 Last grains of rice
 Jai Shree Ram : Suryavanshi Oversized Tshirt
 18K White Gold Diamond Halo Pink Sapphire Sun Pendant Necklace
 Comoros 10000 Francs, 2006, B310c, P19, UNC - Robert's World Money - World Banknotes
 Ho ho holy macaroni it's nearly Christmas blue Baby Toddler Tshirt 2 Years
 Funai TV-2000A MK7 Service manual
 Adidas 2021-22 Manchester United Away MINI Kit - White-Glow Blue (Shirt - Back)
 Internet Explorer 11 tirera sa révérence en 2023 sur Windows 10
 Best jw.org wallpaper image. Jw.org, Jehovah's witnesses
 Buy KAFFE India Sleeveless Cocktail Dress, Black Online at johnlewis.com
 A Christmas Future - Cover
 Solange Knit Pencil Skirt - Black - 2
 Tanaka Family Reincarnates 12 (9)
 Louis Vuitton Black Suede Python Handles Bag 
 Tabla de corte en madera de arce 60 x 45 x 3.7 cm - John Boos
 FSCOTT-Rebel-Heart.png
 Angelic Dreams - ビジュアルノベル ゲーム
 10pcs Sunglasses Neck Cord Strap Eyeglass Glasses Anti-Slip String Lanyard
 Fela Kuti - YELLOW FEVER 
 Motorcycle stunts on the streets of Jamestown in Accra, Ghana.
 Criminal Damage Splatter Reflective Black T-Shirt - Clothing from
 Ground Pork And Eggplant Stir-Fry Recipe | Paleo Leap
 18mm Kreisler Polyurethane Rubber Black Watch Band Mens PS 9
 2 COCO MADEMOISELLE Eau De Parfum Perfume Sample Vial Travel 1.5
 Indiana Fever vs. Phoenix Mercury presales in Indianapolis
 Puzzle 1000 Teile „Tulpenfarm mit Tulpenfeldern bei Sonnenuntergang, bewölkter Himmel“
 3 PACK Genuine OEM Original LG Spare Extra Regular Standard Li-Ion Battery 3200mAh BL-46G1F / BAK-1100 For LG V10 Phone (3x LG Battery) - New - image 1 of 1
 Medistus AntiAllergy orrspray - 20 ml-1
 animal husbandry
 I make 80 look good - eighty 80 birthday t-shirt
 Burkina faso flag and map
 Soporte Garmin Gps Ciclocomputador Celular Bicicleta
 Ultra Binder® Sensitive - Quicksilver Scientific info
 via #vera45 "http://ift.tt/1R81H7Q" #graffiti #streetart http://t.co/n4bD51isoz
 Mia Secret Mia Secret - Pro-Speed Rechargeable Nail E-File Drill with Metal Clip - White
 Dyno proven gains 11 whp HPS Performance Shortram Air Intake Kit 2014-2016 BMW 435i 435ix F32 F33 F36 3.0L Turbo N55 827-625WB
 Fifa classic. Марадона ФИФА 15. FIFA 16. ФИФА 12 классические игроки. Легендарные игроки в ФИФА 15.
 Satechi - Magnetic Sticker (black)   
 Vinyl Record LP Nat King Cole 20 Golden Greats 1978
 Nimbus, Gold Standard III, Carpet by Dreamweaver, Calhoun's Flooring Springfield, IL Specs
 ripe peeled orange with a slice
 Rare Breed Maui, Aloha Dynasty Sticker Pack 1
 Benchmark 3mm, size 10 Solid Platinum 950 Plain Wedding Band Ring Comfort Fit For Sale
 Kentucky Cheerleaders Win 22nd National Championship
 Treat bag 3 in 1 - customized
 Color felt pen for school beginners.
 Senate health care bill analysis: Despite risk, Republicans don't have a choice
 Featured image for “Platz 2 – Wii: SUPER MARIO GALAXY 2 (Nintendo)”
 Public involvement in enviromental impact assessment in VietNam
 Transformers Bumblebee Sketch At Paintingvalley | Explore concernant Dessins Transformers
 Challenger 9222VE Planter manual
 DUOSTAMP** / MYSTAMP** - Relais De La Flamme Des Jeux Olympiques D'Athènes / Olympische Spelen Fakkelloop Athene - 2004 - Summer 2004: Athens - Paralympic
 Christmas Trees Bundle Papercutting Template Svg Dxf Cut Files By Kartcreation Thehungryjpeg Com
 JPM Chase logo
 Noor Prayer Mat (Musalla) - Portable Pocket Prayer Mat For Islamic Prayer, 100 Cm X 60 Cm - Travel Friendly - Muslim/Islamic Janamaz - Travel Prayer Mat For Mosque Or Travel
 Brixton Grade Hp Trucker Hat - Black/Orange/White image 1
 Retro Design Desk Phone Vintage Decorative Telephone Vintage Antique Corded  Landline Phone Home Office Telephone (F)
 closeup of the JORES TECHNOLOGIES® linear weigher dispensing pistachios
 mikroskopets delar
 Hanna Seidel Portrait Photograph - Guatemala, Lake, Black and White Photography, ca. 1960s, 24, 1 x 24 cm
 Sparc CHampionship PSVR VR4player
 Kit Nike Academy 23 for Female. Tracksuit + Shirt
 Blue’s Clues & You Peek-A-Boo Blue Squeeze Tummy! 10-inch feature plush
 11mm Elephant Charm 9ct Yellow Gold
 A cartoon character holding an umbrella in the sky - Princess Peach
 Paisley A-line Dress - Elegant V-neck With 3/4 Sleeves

......

_AIM OF THE EXERCISE_. Each line of the material must be restated exactly.

_RESPONSE TO THE TASK_.
 Last grains of rice
 Jai Shree Ram : Suryavanshi Oversized Tshirt
 18K White Gold Diamond Halo Pink Sapphire Sun Pendant Necklace
 Comoros 10000 Francs, 2006, B310c, P19, UNC - Robert's World Money - World Banknotes
 Ho ho holy macaroni it's nearly Christmas blue Baby Toddler Tshirt 2 Years
 Funai TV-2000A MK7 Service manual
 Adidas 2021-22 Manchester United Away MINI Kit - White-Glow Blue (Shirt - Back)
 Internet Explorer 11 tirera sa révérence en 2023 sur Windows 10
 Best jw.org wallpaper image. Jw.org, Jehovah's witnesses
 Buy KAFFE India Sleeveless Cocktail Dress, Black Online at johnlewis.com
 A Christmas Future - Cover
 Solange Knit Pencil Skirt - Black - 2
 Tanaka Family Reincarnates 12 (9)
 Louis Vuitton Black Suede Python Handles Bag 
 Tabla de corte en madera de arce 60 x 45 x 3.7 cm - John Boos
 FSCOTT-Rebel-Heart.png
 Angelic Dreams - ビジュアルノベル ゲーム
 10pcs Sunglasses Neck Cord Strap Eyeglass Glasses Anti-Slip String Lanyard
 Fela Kuti - YELLOW FEVER 
 Motorcycle stunts on the streets of Jamestown in Accra, Ghana.
 Criminal Damage Splatter Reflective Black T-Shirt - Clothing from
 Ground Pork And Eggplant Stir-Fry Recipe | Paleo Leap
 18mm Kreisler Polyurethane Rubber Black Watch Band Mens PS 9
 2 COCO MADEMOISELLE Eau De Parfum Perfume Sample Vial Travel 1.5
 Indiana Fever vs. Phoenix Mercury presales in Indianapolis
 Puzzle 1000 Teile „Tulpenfarm mit Tulpenfeldern bei Sonnenuntergang, bewölkter Himmel“
 3 PACK Genuine OEM Original LG Spare Extra Regular Standard Li-Ion Battery 3200mAh BL-46G1F / BAK-1100 For LG V10 Phone (3x LG Battery) - New - image 1 of 1
 Medistus AntiAllergy orrspray - 20 ml-1
 animal husbandry
 I make 80 look good - eighty 80 birthday t-shirt
 Burkina faso flag and map
 Soporte Garmin Gps Ciclocomputador Celular Bicicleta
 Ultra Binder® Sensitive - Quicksilver Scientific info
 via #vera45 "http://ift.tt/1R81H7Q" #graffiti #streetart http://t.co/n4bD51isoz
 Mia Secret Mia Secret - Pro-Speed Rechargeable Nail E-File Drill with Metal Clip - White
 Dyno proven gains 11 whp HPS Performance Shortram Air Intake Kit 2014-2016 BMW 435i 435ix F32 F33 F36 3.0L Turbo N55 827-625WB
 Fifa classic. Марадона ФИФА 15. FIFA 16. ФИФА 12 классические игроки. Легендарные игроки в ФИФА 15.
 Satechi - Magnetic Sticker (black)   
 Vinyl Record LP Nat King Cole 20 Golden Greats 1978
 Nimbus, Gold Standard III, Carpet by Dreamweaver, Calhoun's Flooring Springfield, IL Specs
 ripe peeled orange with a slice
 Rare Breed Maui, Aloha Dynasty Sticker Pack 1
 Benchmark 3mm, size 10 Solid Platinum 950 Plain Wedding Band Ring Comfort Fit For Sale
 Kentucky Cheerleaders Win 22nd National Championship
 Treat bag 3 in 1 - customized
 Color felt pen for school beginners.
 Senate health care bill analysis: Despite risk, Republicans don't have a choice
 Featured image for “Platz 2 – Wii: SUPER MARIO GALAXY 2 (Nintendo)”
 Public involvement in enviromental impact assessment in VietNam
 Transformers Bumblebee Sketch At Paintingvalley | Explore concernant Dessins Transformers
 Challenger 9222VE Planter manual
 DUOSTAMP** / MYSTAMP** - Relais De La Flamme Des Jeux Olympiques D'Athènes / Olympische Spelen Fakkelloop Athene - 2004 - Summer 2004: Athens - Paralympic
 Christmas Trees Bundle Papercutting Template Svg Dxf Cut Files By Kartcreation Thehungryjpeg Com
 JPM Chase logo
 Noor Prayer Mat (Musalla) - Portable Pocket Prayer Mat For Islamic Prayer, 100 Cm X 60 Cm - Travel Friendly - Muslim/Islamic Janamaz - Travel Prayer Mat For Mosque Or Travel
 Brixton Grade Hp Trucker Hat - Black/Orange/White image 1
 Retro Design Desk Phone Vintage Decorative Telephone Vintage Antique Corded  Landline Phone Home Office Telephone (F)
 closeup of the JORES TECHNOLOGIES® linear weigher dispensing pistachios
 mikroskopets delar
 Hanna Seidel Portrait Photograph - Guatemala, Lake, Black and White Photography, ca. 1960s, 24, 1 x 24 cm
 Sparc CHampionship PSVR VR4player
 Kit Nike Academy 23 for Female. Tracksuit + Shirt
 Blue’s Clues & You Peek-A-Boo Blue Squeeze Tummy! 10-inch feature plush
 11mm Elephant Charm 9ct Yellow Gold
 A cartoon character holding an umbrella in the sky - Princess Peach
 Paisley A-line Dress - Elegant V-neck With 3/4 Sleeves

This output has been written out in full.